Impacts to neighbors

It’s not just environmental concerns that have locals upset. A sheer slope drops off from the edge of the construction site, the toe of which ends just behind a student housing development owned by Sherri Deitz. Following heavy rain Halloween morning, a piece of earth detached from the slope, slid downhill, and knocked one of those houses off its foundation. 

“I was scared to death,” Deitz said in an interview at the time. “I was yelling. I thought my tenants were in that place, and I was scared to death that they were injured.”

Nobody was home, so nobody was injured, but the house was condemned and all students living in the development’s 12 small houses were evacuated for a time. Brown said that Zimmer has done “absolutely nothing” to restore the damaged house, which is still condemned, and that Deitz paid out of pocket to have someone remove the mud that accumulated under several of her houses as a result. 

When reached for comment, Deitz said she couldn’t make a statement at this time. Tucker, meanwhile, said Deitz had never asked Zimmer for any help in connection with the incident. 

Brown said that WATR plans to help restore the portion of Long Branch that runs behind Deitz’ property and will expand that project to cover as large an area as possible. 

“If we don’t do something there, her houses eventually are going to fall into the creek because the stormwater velocity and volume coming through there is such that it’s continually eroding the banks,” he said. 

 

Work continues

Because the project takes place on land owned by Western Carolina University, it’s subject to state inspections rather than to county inspections. Elder’s office, as well as the county’s planning office, tried to send a message by briefly suspending approval of the project this fall under the county’s subdivision ordinance and halting building inspections. However, those suspensions soon had to be reinstated. 

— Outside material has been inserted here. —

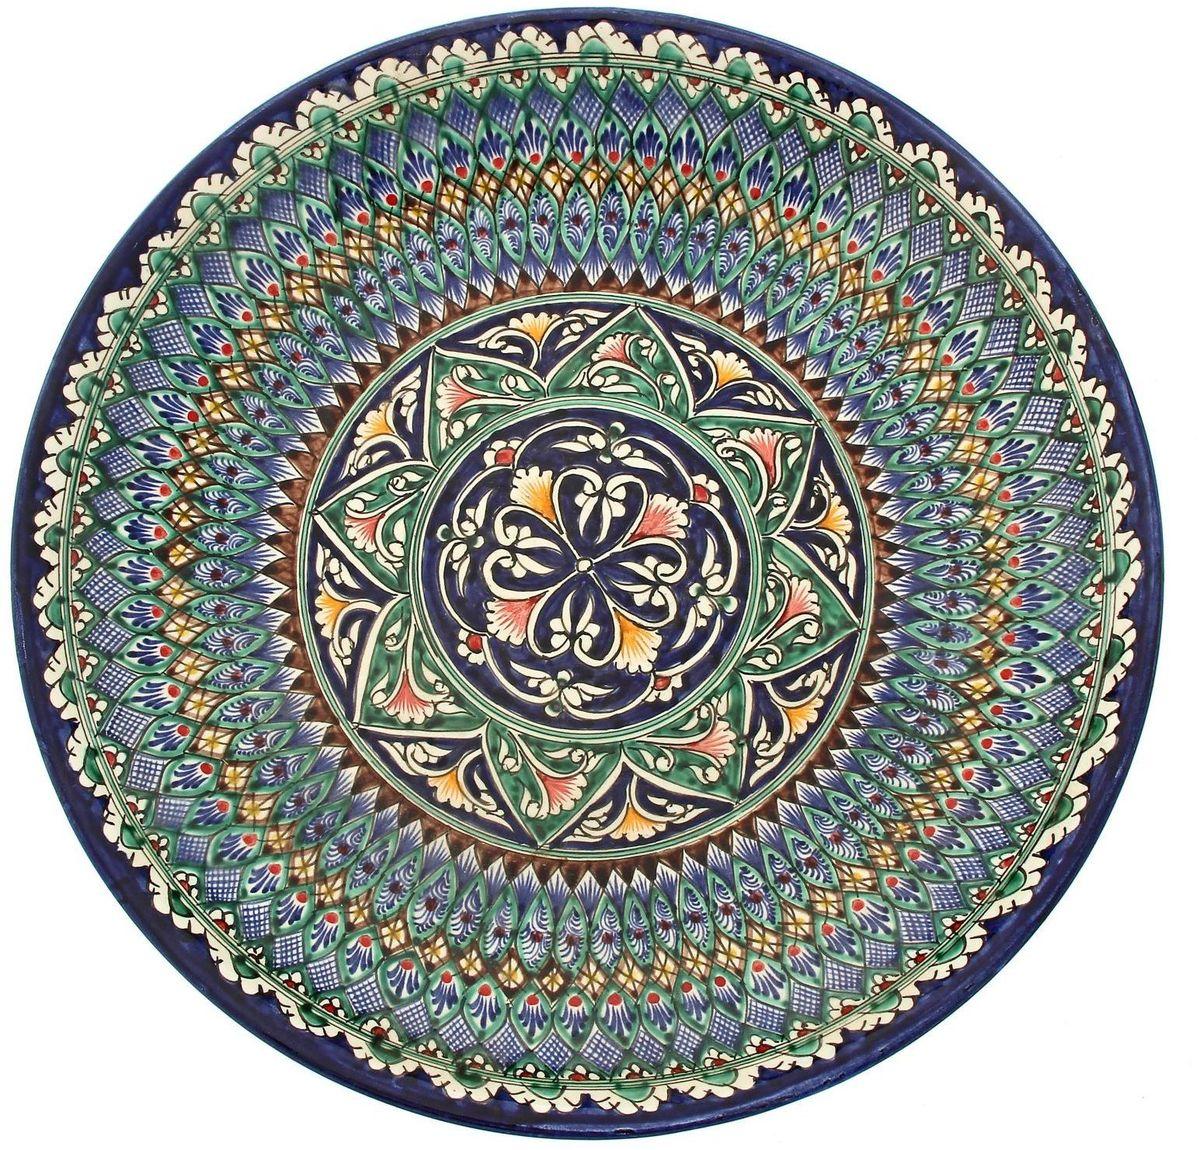 Ляган Риштанская керамика, диаметр 41 см. 19242191924219Ляган — это не просто обеденный атрибут, это украшение стола. Посуда с национальной росписью станет отменным подарком для ценителей высокородной посуды.Риштан — город на востоке Узбекистана, один из древнейших в Ферганской долине. С давних времён Риштан славится своим гончарным искусством изготовления цветной керамики. Красноватую глину для изделия добывают в самом городе. Мастера утверждают, что их глина настолько высокого качества, что даже не нуждается в предварительной обработке. Дополните коллекцию кухонных аксессуаров пряными восточными нотами.

The Department of Environmental Quality does have the authority to issue a stop-work order the project, and state statute requires that several conditions be met to do so. The Secretary of Environment must find that a violation has occurred, that the violation is knowing and willful and that one of three additional criteria has been met. Those criteria are that off-site sedimentation has eliminated or severely degraded a use in a lake or natural waterway or that such degradation is imminent; that off-site sedimentation has caused “severe damage” to adjacent land or that such damage is imminent; or that land-disturbing activity is being conducted without an approved plan. 

“DEQ keeps all compliance options available for every project site under our jurisdiction,” said Sarah Young, public information officer for DEQ. 

No stop work order has been issued, and WCU expects that the 500-bed student housing complex will be up and running by August, said WCU Chief Communications Officer Bill Studenc. The university can’t say with certainty if it would work with Zimmer again until it sees how well the company rectifies this most recent violation, said Studenc. However, the incidents are certainly a departure from business as usual. 

“The issues we have faced with the project on the West Campus are highly unusual,” he said. 

On Nov. 6, the Division of Water Resources assessed fines and fees totaling $14,610, which Zimmer has yet to pay. 

“We don’t necessarily disagree with it. We’re just still in discussion with them,” said Tucker. 

However, Zimmer is legally contesting the fines through a case in the Office of Administrative Hearings filed Dec. 10. Zimmer is asking that the penalties be dismissed, claiming that the Division “acted arbitrarily and capriciously and erroneously” in assessing the fines. Heavy rains were responsible for the fact that approved erosion control measures were overwhelmed, but the sediment has been removed and the streams repaired, Zimmer argued in its petition.

Brown disagrees. 

“They’re diligently opposing the fines and their responsibility,” he said. “They have neglected wholesale to force the company that is working for them to bring this site into compliance.”